At the same time, it’s not preachy or simplistic in the way most approaches to the subject matter are. Goi burrows so deeply into his characters’ lives and into the ways our mass media presents teenagers to us and to themselves – and the way they present themselves to each other online – that Megan is Missing transcends genre and form to become something wholly unique. Just as he isn’t interested in exploiting his characters or subject matter, Goi isn’t interested in exploiting the conventions of found-footage; his film doesn’t use the language of news reports, video diaries, and surveillance footage as much as it explores them, asking important questions about how we read their information and how we use it or abuse it – and how it can be used as a weapon in the hands of a psychopath.
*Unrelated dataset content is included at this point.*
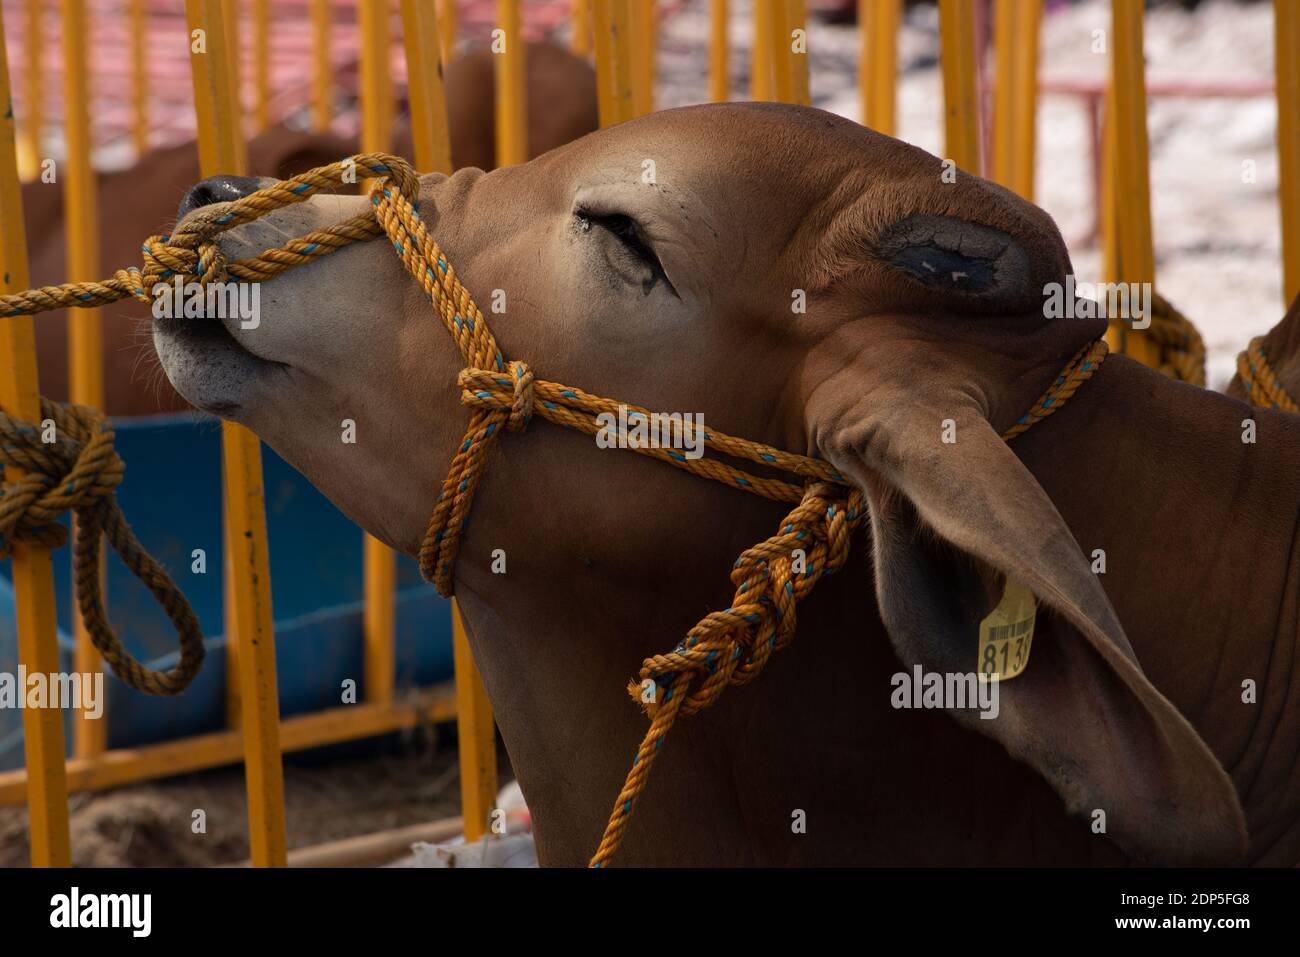 Un toro tenta di muovere una corda gialla che sta irritando il naso. Foto Stock

Goi’s background is in cinematography; he was the Emmy-nominated director of photography on several seasons of American Horror Story, among other notable films and TV series. He understands both horror and visual grammar inside and out, and synthesizes everything he knows in a deceptively simple low-budget package in Megan is Missing. It’s the kind of movie that has so much in common – on a purely superficial level – with lesser works that it’s easy to underestimate or dismiss, and it’s so harrowing and repellent at times that many viewers might want an excuse to dismiss it. Close examination, however, reveals a cinematic and moral intelligence at the film’s core that earns comparison with Michael Powell’s Peeping Tom and the best of Wes Craven – it combines savagery and sadness like no other movie I’ve ever seen.